SOURCE INFORMATION: Begin

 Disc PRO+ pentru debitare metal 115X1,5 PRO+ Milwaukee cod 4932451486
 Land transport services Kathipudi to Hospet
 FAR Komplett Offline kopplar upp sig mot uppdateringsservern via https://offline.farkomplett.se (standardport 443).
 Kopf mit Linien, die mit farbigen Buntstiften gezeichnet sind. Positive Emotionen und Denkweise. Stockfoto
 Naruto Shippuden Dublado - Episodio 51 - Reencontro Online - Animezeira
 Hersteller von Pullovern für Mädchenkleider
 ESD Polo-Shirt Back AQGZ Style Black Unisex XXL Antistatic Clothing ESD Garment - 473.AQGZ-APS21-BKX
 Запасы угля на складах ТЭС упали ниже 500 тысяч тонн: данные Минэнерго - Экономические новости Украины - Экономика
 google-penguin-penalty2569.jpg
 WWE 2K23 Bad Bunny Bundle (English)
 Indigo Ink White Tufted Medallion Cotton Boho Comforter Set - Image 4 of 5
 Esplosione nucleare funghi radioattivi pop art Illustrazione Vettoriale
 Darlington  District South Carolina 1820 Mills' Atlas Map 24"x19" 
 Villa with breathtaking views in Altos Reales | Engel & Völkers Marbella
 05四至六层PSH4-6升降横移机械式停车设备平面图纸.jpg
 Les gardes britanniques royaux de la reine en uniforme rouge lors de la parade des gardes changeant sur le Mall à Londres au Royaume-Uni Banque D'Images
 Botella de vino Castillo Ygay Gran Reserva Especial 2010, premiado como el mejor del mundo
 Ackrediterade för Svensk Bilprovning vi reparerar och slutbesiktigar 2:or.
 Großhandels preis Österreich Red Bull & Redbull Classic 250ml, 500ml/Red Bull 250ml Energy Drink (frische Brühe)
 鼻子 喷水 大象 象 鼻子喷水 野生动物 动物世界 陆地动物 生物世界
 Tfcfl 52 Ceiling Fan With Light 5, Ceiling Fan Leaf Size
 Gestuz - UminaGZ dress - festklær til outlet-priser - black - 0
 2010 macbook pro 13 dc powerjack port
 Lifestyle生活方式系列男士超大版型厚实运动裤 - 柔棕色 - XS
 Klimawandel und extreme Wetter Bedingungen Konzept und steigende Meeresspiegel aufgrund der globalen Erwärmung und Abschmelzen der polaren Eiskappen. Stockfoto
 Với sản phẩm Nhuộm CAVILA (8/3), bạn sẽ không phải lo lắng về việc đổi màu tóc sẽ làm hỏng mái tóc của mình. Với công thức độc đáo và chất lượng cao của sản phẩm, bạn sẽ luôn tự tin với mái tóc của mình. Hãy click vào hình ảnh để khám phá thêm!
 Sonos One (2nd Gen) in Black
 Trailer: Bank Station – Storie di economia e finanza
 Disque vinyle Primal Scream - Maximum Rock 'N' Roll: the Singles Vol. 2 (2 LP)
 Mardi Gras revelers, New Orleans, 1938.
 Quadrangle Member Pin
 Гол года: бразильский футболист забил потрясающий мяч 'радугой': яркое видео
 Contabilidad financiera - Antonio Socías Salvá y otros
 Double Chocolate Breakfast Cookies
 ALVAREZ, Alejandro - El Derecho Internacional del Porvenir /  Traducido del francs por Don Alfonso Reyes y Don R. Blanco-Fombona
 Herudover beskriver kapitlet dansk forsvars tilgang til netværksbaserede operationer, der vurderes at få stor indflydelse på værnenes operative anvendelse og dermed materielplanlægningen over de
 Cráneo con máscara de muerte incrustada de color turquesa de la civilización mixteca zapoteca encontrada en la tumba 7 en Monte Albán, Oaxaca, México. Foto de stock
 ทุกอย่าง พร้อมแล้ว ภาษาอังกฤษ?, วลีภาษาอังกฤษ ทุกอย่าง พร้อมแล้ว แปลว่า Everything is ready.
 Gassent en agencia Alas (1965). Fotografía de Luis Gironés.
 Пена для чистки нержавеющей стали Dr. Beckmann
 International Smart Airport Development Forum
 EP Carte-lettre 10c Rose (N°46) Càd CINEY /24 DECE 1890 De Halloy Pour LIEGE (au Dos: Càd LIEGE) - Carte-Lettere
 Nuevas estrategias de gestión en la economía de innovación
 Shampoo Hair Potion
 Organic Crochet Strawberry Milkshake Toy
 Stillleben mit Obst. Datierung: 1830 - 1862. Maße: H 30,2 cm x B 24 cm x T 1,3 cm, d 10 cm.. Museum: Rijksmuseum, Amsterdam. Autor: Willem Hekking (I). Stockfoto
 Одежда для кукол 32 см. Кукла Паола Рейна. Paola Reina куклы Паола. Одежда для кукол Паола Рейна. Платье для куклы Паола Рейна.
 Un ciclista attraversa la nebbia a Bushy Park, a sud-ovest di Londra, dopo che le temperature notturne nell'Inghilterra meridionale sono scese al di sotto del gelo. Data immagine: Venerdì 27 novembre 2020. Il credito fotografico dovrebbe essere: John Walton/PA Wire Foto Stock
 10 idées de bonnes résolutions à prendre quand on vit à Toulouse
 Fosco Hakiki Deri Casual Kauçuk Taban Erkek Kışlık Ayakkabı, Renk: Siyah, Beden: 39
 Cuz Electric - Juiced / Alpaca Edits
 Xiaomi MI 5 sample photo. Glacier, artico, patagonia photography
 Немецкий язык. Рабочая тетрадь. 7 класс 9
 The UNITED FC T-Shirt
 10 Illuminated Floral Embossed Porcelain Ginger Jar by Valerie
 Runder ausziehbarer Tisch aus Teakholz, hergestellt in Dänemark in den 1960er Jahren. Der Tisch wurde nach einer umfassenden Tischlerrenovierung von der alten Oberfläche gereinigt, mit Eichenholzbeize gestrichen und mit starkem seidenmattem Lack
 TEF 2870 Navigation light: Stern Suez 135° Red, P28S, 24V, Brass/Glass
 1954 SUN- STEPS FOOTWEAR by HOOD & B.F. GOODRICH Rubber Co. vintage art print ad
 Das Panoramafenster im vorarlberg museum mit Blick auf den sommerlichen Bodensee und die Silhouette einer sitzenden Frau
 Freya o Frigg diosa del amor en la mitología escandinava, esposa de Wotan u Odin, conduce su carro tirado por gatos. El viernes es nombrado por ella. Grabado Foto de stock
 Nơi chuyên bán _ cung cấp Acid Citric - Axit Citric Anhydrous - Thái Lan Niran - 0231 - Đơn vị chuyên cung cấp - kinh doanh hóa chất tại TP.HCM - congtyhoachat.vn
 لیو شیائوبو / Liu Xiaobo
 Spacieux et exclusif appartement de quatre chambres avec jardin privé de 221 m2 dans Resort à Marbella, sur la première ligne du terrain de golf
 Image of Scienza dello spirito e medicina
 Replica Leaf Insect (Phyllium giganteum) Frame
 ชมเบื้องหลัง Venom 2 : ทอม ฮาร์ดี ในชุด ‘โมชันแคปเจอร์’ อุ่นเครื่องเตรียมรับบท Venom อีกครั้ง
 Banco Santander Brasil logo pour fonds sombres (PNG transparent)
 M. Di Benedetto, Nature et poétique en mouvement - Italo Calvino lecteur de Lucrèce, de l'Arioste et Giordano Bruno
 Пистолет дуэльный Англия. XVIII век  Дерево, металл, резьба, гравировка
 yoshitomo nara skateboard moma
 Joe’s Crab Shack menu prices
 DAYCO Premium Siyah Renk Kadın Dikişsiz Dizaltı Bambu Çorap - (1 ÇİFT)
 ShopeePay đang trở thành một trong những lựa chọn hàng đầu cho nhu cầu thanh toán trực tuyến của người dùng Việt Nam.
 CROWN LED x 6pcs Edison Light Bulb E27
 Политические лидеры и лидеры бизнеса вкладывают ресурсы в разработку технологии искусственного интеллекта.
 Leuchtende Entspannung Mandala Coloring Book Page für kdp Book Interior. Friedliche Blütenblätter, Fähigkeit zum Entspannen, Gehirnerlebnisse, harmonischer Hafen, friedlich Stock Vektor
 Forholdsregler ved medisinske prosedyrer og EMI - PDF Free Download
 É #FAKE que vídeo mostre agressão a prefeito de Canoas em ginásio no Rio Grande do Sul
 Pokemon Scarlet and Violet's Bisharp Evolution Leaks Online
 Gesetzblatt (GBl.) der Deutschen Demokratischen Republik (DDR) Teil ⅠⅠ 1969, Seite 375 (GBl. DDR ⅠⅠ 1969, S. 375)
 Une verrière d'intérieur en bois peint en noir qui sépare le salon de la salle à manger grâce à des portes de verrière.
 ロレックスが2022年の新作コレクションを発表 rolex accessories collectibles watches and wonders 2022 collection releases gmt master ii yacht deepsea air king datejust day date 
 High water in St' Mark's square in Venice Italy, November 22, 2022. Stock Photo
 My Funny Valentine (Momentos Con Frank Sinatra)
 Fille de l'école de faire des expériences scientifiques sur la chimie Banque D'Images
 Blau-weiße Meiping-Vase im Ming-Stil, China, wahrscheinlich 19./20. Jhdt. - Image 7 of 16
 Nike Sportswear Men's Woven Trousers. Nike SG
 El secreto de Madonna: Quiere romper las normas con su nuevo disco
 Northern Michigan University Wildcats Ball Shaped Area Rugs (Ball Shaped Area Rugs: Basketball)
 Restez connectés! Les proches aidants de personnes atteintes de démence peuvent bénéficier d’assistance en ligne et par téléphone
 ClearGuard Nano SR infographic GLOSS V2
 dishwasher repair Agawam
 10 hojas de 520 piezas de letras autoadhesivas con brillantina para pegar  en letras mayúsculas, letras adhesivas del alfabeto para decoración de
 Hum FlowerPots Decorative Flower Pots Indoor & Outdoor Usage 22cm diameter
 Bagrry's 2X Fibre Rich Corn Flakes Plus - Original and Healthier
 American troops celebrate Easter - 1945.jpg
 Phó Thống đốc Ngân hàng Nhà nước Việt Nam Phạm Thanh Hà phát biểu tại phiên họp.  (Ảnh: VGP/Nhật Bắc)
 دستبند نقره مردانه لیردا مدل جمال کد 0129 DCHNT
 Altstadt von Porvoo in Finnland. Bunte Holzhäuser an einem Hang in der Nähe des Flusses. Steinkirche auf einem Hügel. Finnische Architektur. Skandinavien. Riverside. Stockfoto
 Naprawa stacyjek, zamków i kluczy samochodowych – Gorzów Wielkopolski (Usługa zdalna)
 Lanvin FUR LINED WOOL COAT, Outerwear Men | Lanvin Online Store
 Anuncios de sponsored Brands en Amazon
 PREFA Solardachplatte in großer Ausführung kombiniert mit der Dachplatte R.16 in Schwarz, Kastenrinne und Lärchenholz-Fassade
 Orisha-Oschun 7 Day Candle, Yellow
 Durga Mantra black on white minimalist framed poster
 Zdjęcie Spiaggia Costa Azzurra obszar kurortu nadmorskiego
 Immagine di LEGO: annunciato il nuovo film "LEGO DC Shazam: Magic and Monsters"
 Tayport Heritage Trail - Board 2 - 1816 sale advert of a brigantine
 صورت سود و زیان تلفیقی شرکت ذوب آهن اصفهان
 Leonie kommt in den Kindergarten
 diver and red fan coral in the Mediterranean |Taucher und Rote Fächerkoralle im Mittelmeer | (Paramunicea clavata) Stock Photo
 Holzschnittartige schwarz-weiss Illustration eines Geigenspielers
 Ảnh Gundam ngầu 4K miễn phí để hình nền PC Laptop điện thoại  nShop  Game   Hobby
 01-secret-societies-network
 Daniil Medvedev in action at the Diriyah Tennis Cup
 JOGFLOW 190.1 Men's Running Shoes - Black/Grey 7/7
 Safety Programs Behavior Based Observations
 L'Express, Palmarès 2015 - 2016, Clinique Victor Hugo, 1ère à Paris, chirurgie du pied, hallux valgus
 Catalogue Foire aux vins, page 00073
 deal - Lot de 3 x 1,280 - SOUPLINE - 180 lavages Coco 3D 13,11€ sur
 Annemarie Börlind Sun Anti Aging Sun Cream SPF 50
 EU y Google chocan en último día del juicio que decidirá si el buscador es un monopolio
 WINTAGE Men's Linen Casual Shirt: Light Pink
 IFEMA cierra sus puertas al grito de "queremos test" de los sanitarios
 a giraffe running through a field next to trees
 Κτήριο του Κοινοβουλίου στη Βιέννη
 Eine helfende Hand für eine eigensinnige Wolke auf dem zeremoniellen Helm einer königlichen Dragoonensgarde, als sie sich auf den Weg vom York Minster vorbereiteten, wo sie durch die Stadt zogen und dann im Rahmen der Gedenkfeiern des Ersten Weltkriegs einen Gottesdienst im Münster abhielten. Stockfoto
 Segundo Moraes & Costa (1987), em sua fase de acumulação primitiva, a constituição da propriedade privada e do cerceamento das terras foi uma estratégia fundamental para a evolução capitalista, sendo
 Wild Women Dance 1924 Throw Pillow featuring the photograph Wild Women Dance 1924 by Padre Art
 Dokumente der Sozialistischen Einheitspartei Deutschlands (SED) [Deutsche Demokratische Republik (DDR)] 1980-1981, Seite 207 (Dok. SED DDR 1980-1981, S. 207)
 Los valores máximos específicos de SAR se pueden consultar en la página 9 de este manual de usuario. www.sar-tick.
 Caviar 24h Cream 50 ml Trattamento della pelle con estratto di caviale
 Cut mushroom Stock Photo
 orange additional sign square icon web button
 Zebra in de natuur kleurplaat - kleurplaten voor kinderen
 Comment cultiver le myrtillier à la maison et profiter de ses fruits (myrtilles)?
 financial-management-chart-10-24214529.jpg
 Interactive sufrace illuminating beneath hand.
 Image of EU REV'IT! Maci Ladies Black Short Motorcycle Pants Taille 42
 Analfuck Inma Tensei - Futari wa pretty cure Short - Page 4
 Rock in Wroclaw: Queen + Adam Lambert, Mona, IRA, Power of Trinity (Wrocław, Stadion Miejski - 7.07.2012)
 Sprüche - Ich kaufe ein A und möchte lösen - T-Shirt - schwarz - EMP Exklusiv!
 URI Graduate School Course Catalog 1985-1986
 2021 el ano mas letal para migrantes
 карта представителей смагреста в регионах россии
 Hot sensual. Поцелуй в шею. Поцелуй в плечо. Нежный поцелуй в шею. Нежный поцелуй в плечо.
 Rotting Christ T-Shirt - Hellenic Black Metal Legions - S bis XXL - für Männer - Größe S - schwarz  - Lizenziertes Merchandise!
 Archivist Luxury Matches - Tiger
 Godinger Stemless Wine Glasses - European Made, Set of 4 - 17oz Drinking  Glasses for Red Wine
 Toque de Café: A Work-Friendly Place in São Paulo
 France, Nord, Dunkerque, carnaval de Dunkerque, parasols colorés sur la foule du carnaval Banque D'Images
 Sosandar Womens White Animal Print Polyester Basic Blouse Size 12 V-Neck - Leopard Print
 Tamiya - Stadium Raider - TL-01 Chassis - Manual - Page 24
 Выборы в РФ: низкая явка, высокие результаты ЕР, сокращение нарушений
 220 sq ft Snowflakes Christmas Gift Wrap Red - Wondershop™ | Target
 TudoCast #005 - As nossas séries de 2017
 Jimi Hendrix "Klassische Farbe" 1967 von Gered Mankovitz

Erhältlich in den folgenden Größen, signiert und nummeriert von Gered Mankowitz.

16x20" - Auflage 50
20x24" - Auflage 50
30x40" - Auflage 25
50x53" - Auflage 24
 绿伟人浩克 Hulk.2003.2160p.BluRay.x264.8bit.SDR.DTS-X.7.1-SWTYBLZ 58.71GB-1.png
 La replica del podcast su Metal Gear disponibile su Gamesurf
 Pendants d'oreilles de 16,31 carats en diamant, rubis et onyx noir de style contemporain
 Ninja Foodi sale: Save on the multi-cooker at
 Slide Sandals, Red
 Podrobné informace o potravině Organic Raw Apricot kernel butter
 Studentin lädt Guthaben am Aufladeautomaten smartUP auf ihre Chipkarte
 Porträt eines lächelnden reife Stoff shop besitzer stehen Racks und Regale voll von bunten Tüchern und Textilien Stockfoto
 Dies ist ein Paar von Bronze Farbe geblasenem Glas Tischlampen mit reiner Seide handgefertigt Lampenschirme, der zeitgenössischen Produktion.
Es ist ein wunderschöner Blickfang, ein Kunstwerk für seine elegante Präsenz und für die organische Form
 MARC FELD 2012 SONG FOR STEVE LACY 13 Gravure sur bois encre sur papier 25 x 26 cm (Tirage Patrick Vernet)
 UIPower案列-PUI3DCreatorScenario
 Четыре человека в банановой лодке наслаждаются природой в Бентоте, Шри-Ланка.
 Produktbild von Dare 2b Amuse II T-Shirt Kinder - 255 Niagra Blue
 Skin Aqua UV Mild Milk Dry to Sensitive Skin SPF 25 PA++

SOURCE INFORMATION: End

» WORK INSTRUCTIONS: Your answer must consist solely of the lines above between the line holding "Das Panoramafenster im" and the line holding "Image of Scienza dello spirito e medicina", inclusive, copied exactly.

» TASK RESPONSE:
 Das Panoramafenster im vorarlberg museum mit Blick auf den sommerlichen Bodensee und die Silhouette einer sitzenden Frau
 Freya o Frigg diosa del amor en la mitología escandinava, esposa de Wotan u Odin, conduce su carro tirado por gatos. El viernes es nombrado por ella. Grabado Foto de stock
 Nơi chuyên bán _ cung cấp Acid Citric - Axit Citric Anhydrous - Thái Lan Niran - 0231 - Đơn vị chuyên cung cấp - kinh doanh hóa chất tại TP.HCM - congtyhoachat.vn
 لیو شیائوبو / Liu Xiaobo
 Spacieux et exclusif appartement de quatre chambres avec jardin privé de 221 m2 dans Resort à Marbella, sur la première ligne du terrain de golf
 Image of Scienza dello spirito e medicina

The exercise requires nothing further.